→ **Problem**
Exact reproduction of the data is required, with images excluded.

→ **Information provided**
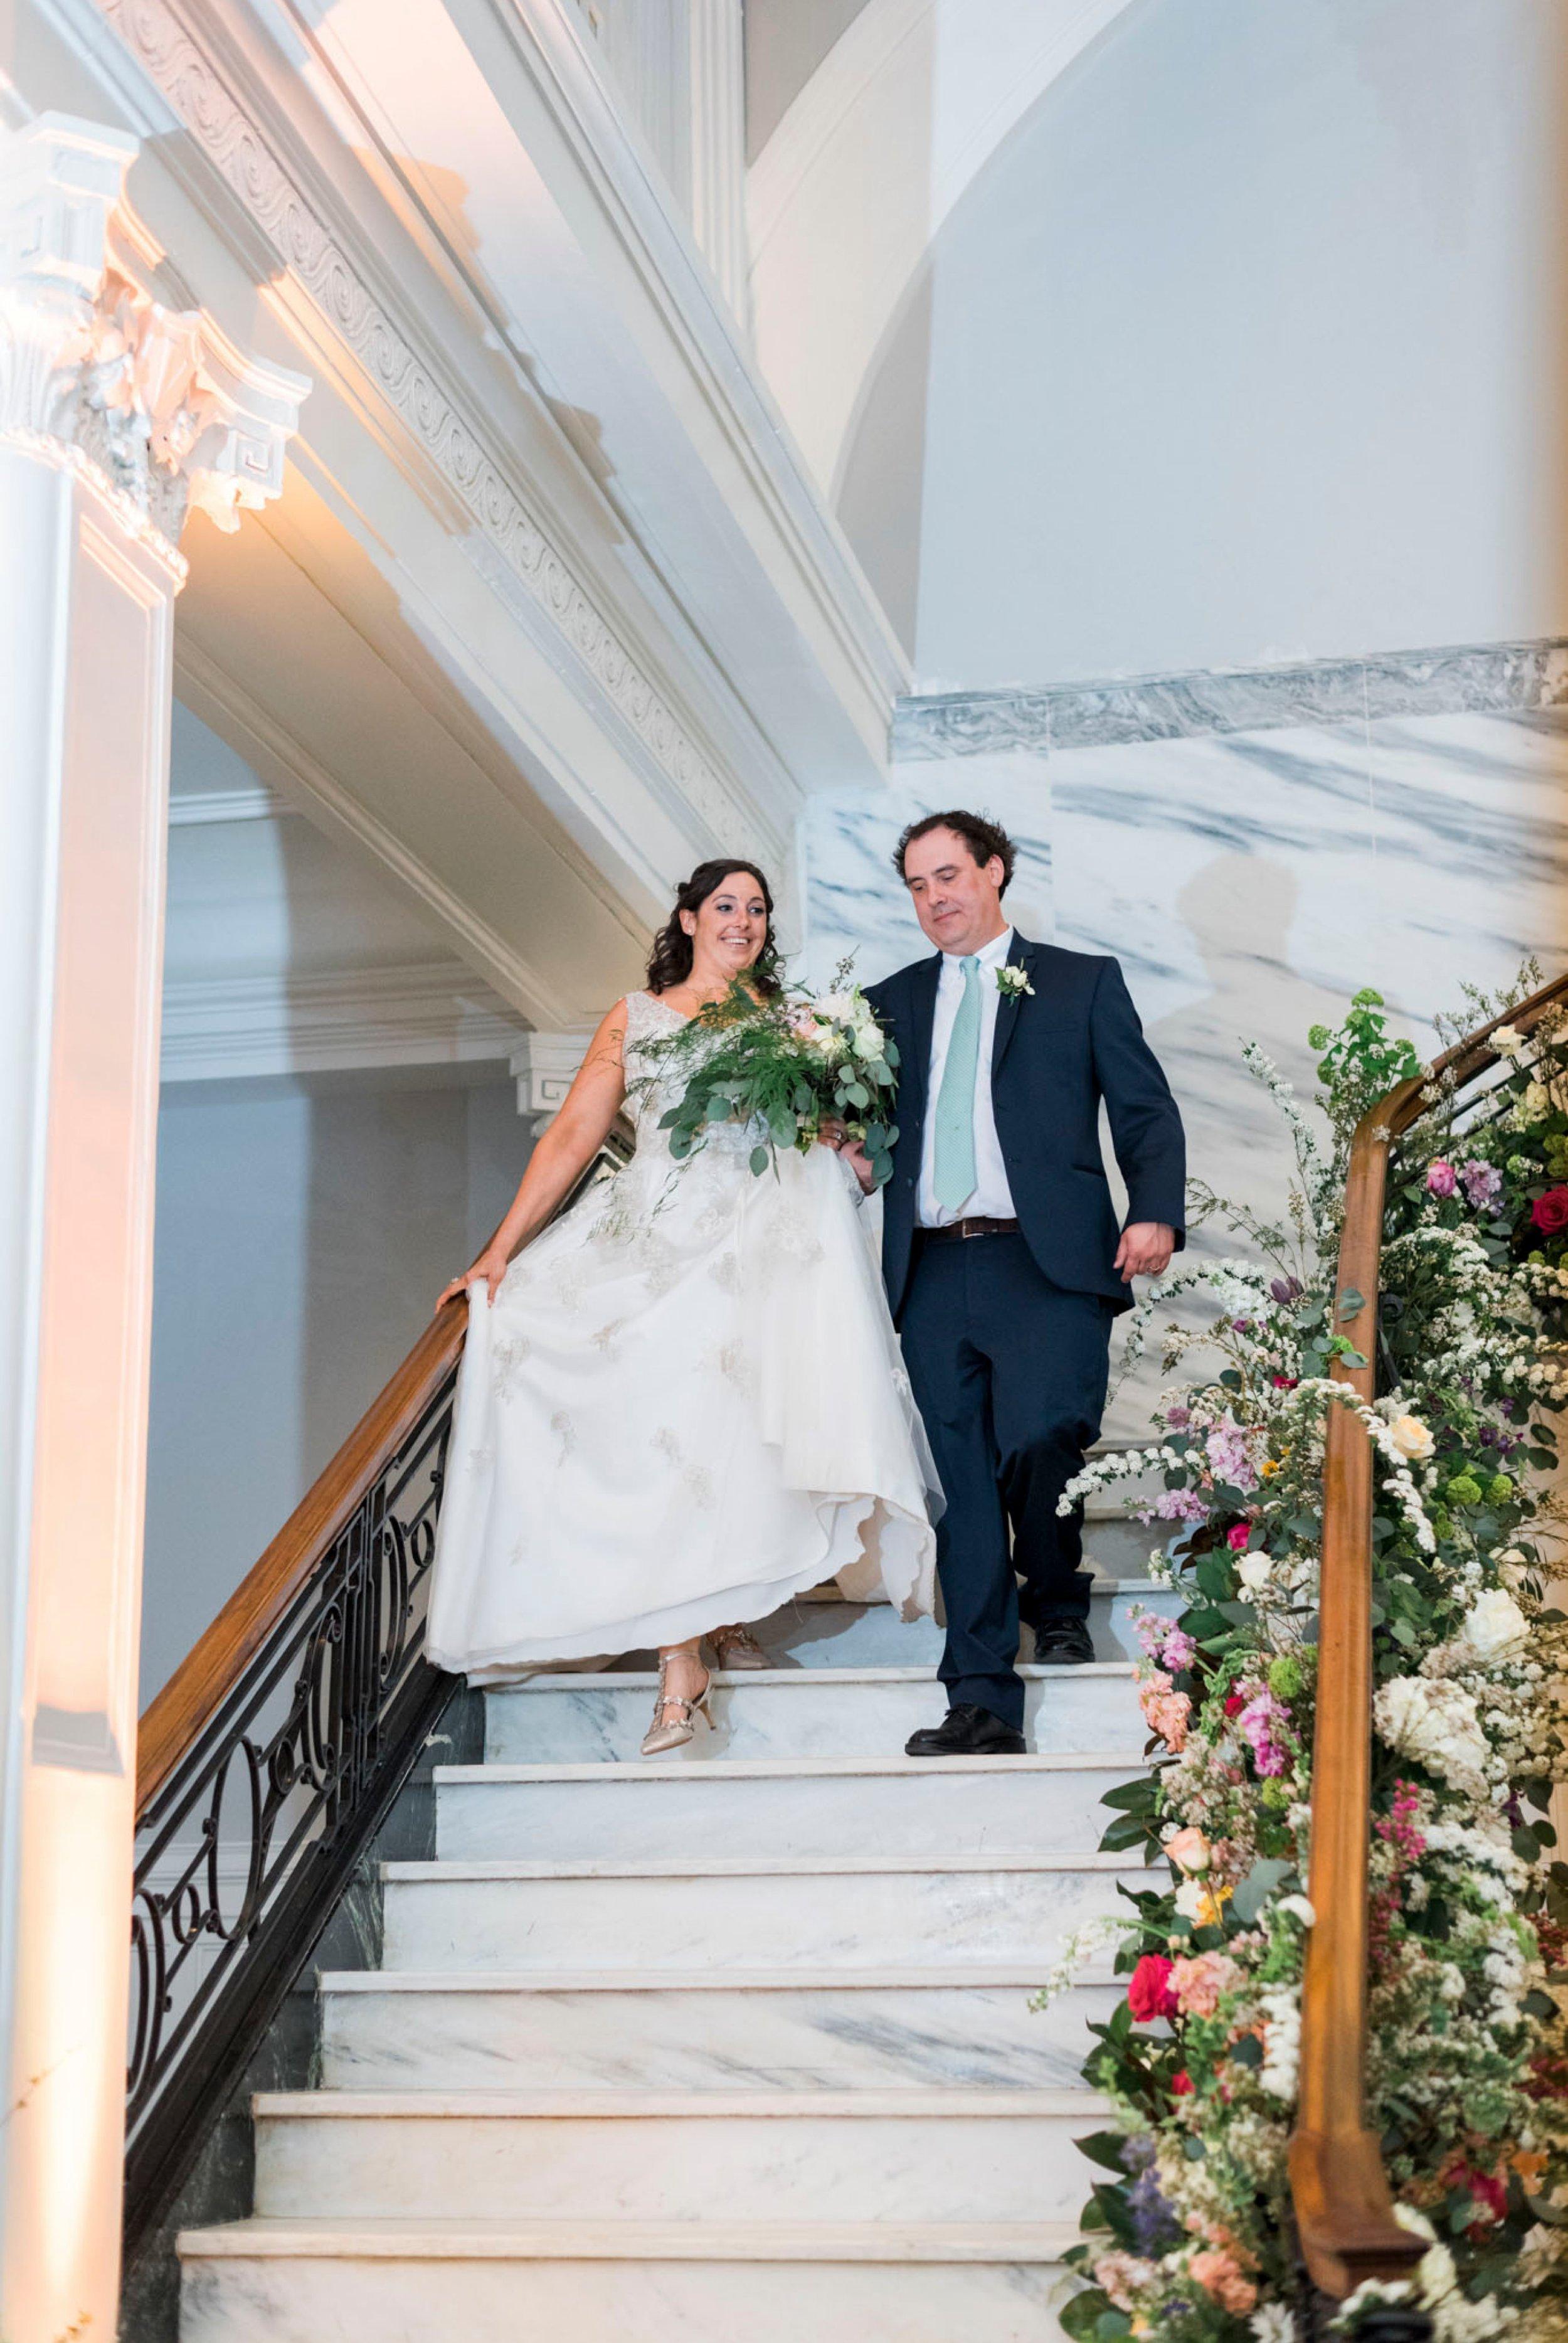 TheVirginianHotel_LynchburgVA_TheVirginianHotelWedding_Virginiaweddingphotographer_Lynchburgvawedding 12.jpg
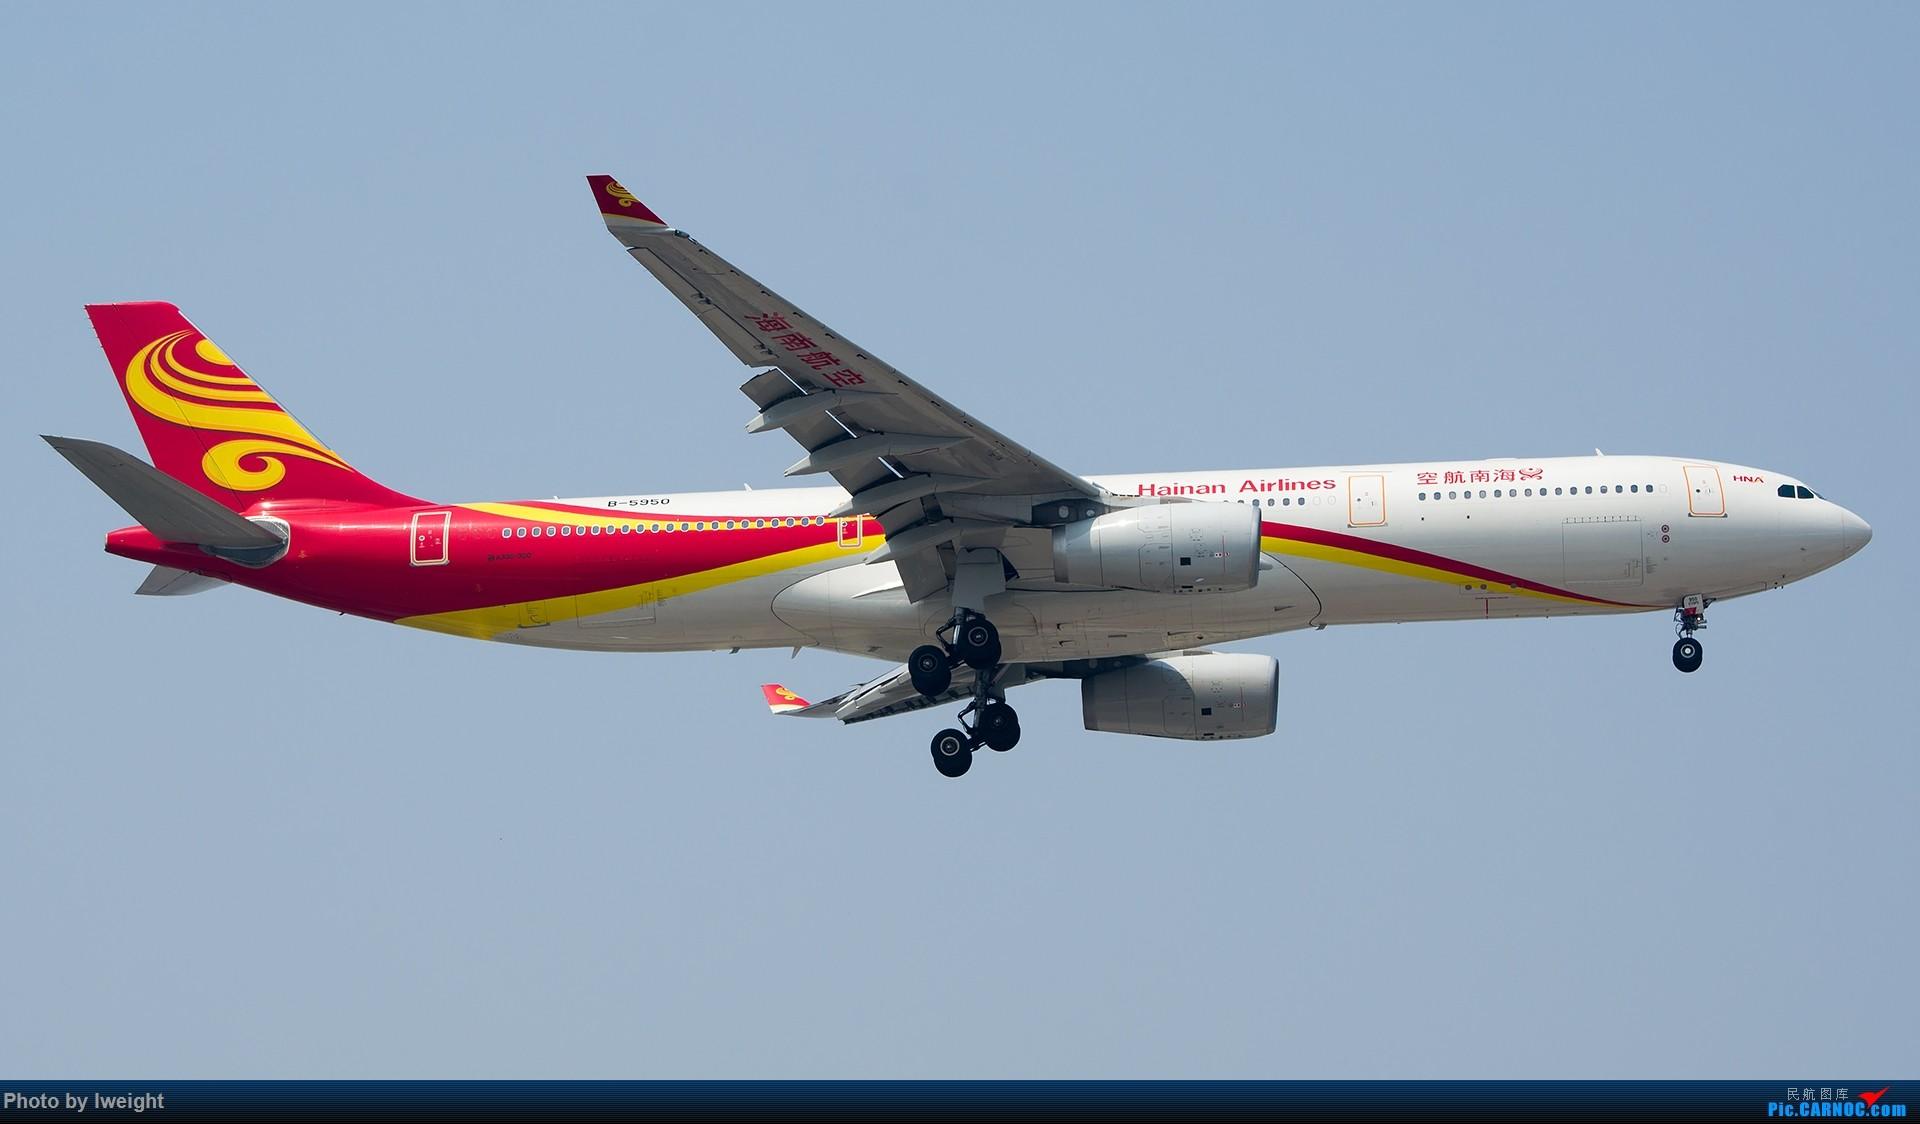 Re:[原创]周末帝都霾天拍机,凑合看看吧【2015-5-23】 AIRBUS A330-300 B-5950 中国北京首都国际机场
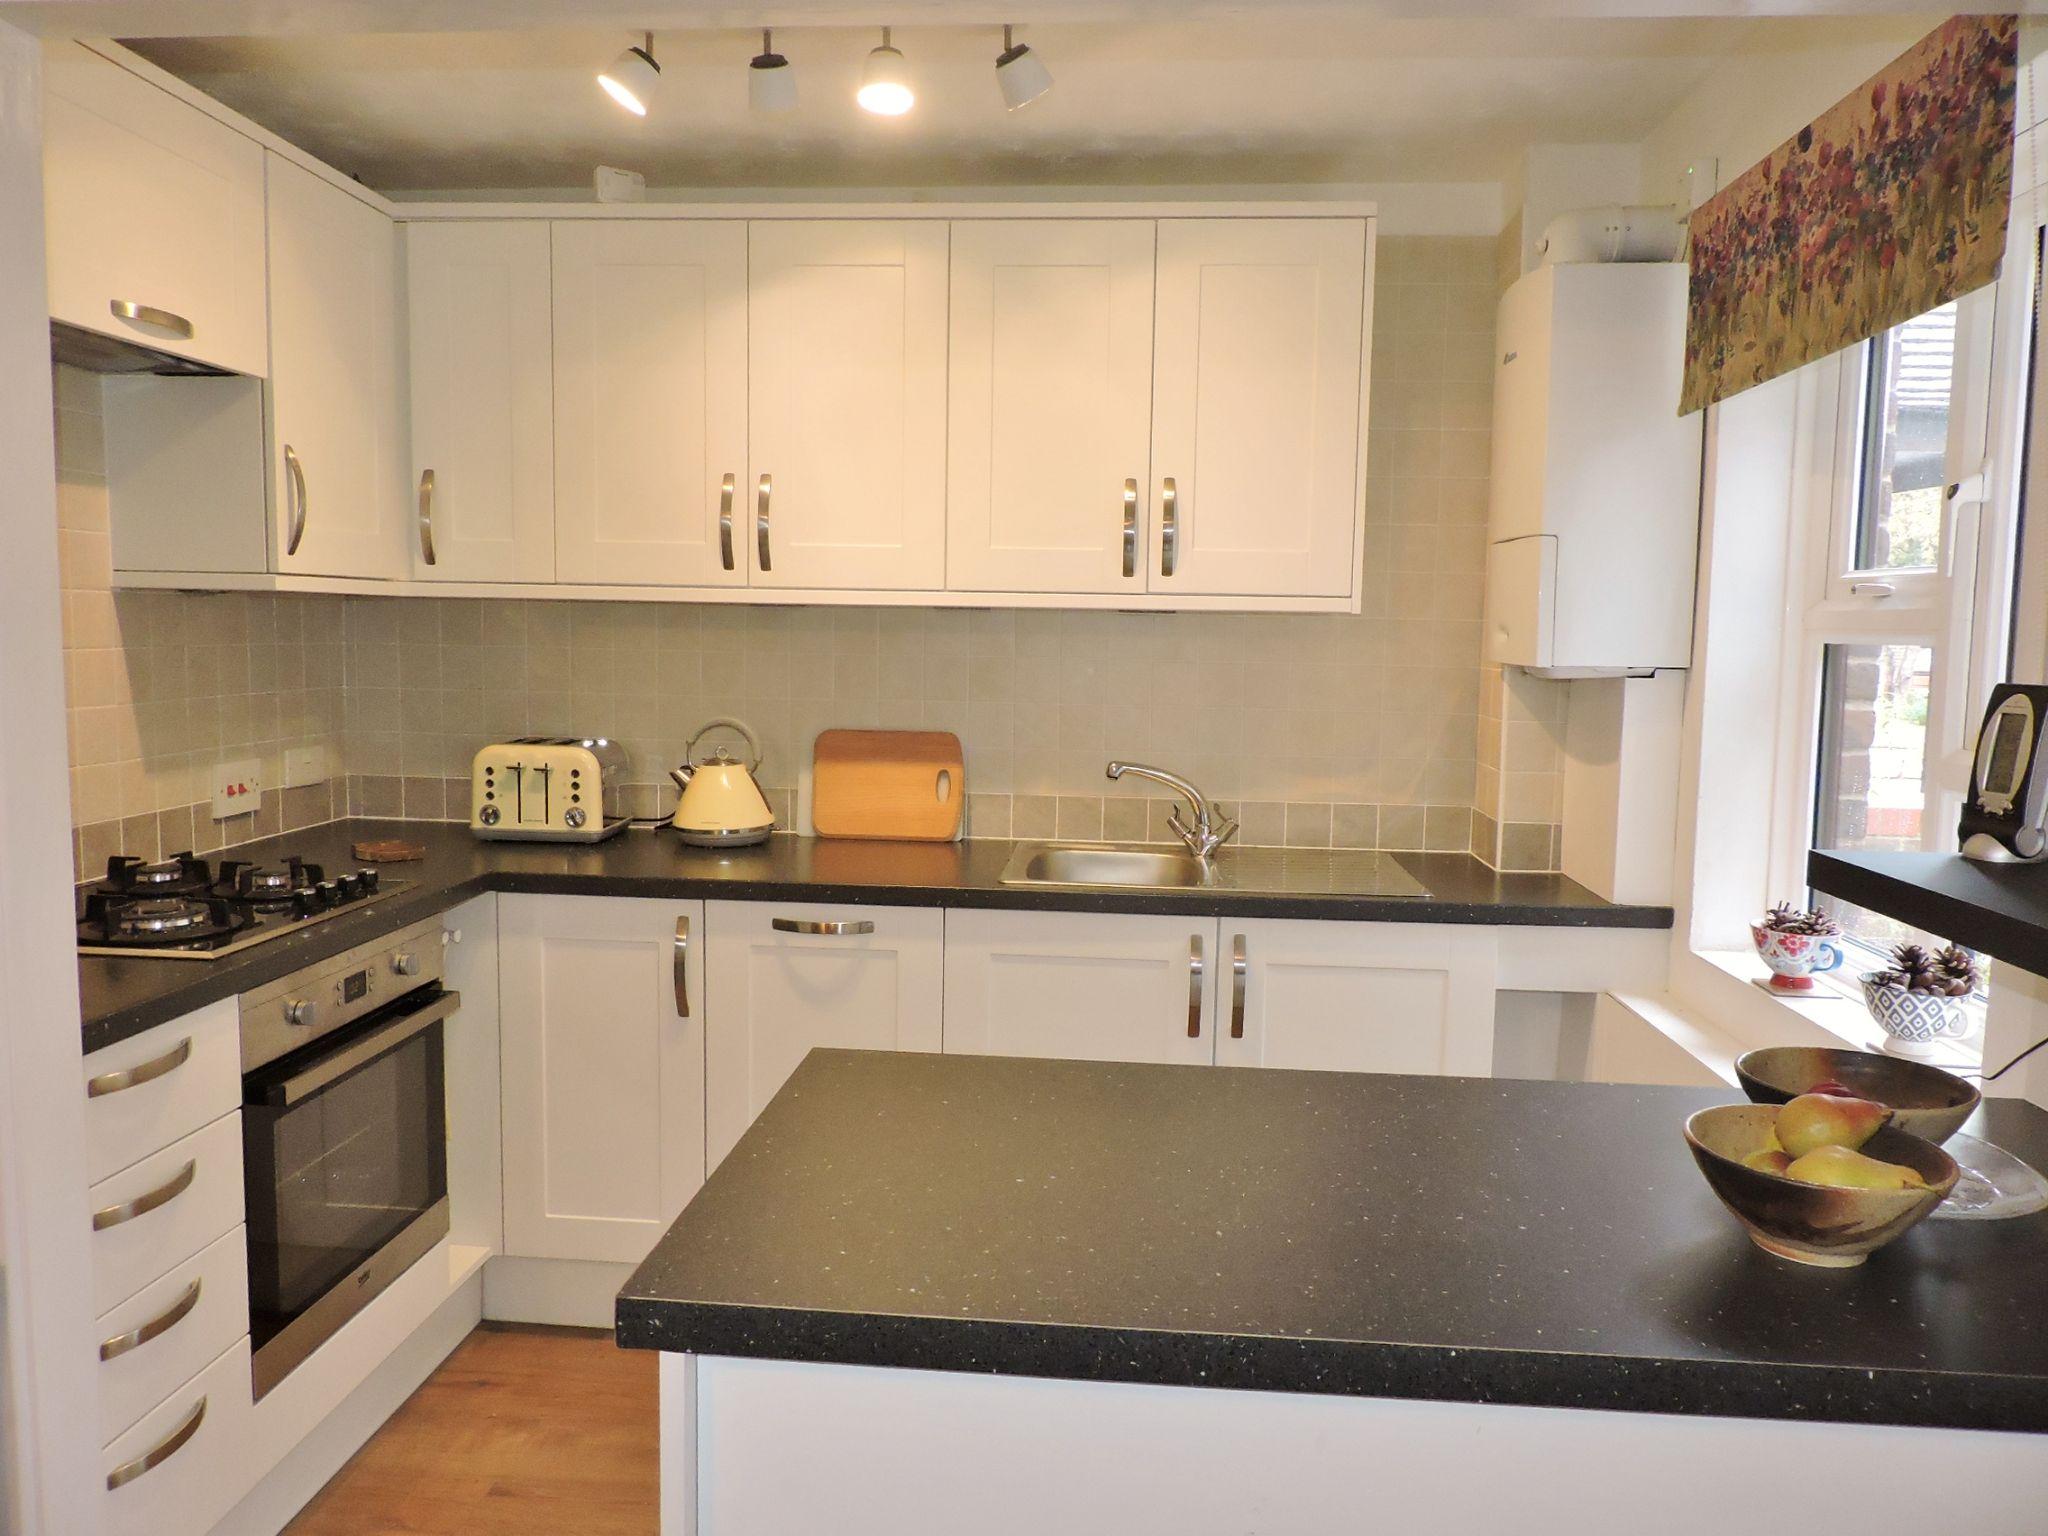 1 bedroom ground floor maisonette flat/apartment Sale Agreed in New Malden - Photograph 4

→ **Exercise output**
 TheVirginianHotel_LynchburgVA_TheVirginianHotelWedding_Virginiaweddingphotographer_Lynchburgvawedding 12.jpg
 Re:[原创]周末帝都霾天拍机,凑合看看吧【2015-5-23】 AIRBUS A330-300 B-5950 中国北京首都国际机场
 1 bedroom ground floor maisonette flat/apartment Sale Agreed in New Malden - Photograph 4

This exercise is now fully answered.